Special Events: Peter. H Rossi Award: Roiling the Waters: Controversy over the First Longitudinal Randomized Study of a State Pre-K Program

Friday, November 9, 2018: 1:30 PM-3:00 PM
Lincoln 4 - Exhibit Level (Marriott Wardman Park)
Speakers:  Mark W. Lipsey, Vanderbilt University, Douglas Besharov, University of Maryland, College Park, Eric Hanushek, Stanford University, Rebecca Maynard, University of Pennsylvania and Larry Orr, Johns Hopkins University

The initial results of the Tennessee Pre-K study, showing positive effects on a range of school readiness outcomes at the end of the pre-k year, were not controversial. It was the follow-up that stirred up pre-k advocates and researchers. By end of kindergarten, the pre-k advantage was gone and the control group had caught up on every outcome. By third grade, pre-k participants were doing no better on some outcomes and worse on others, including the state achievement tests. The contrast with prior studies of the sustained effects of state pre-k were sharp: The research design was stronger, but the results were far less positive. This contrast raised immediate criticism of the credibility of these results but, alternatively, threw into relief the methodologically weak and/or over-generalized nature of much of the research that has driven state pre-k policy.

 

Our research team has continued to follow a subsample into the later grades, as well as further probing the earlier results.

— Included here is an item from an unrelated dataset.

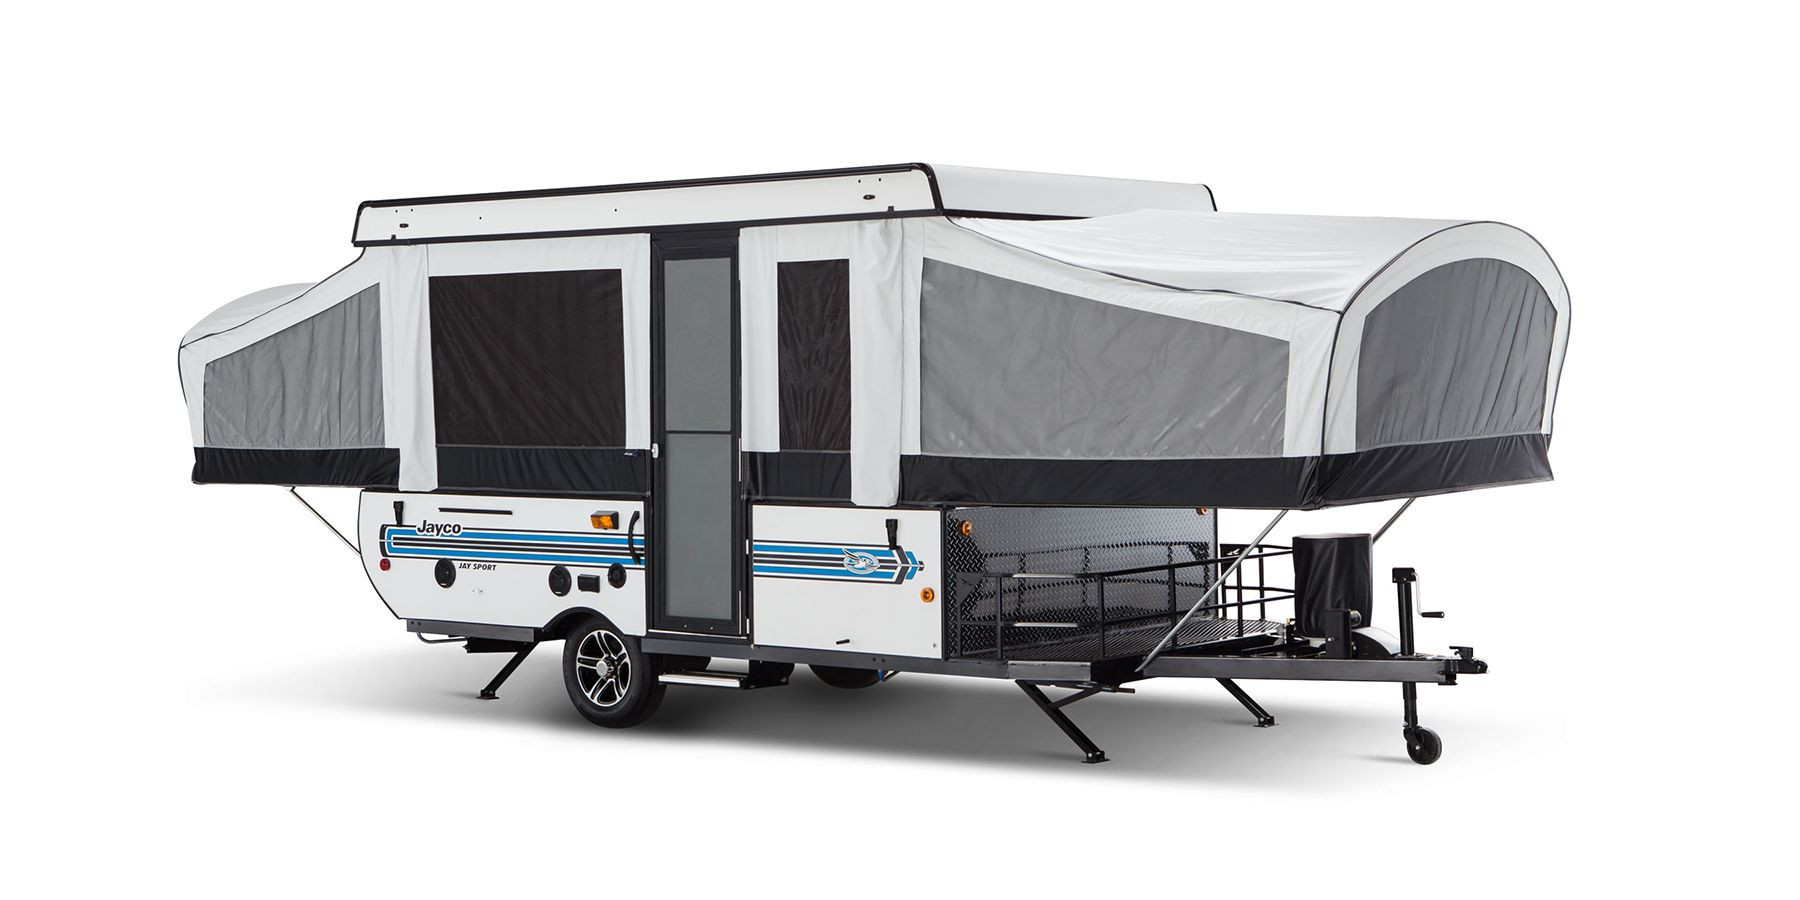 Small Rv Trailers With Bathroom
 7 Perfect Small Campers with Bathrooms When Nature Calls

These continuing investigations have demonstrated that TN pre-k is not atypical of other state pre-k programs on a range of quality indicators. They have identified positive findings for children in concentrated poverty neighborhoods and ambiguous findings for children with K-3 exposure to higher quality teachers and schools. State achievement test, retention, special education, and disciplinary outcomes are now available through 6th grade along with data from student, parent, and teacher interviews on soft skills and behaviors that may have been influenced by pre-k experience.

 

Perhaps the most important outcome of the TN Pre-K study has been the questions the findings have raised for policy and research, and the associated discussion of such matters. Among these are questions about what is realistic to expect from scaled-up state pre-k programs, how children's experiences in K-3 interact with their pre-k gains, the influence of varying counterfactual conditions, and whether research has focused on the outcomes most influential for long-term positive development. Broader questions relate to the relative advantages and disadvantages of having state-funded pre-k in schools versus in community-based organizations, and the most constructive role for pre-k programs in a continuum of supportive services for disadvantaged children over the prenatal to preschool period.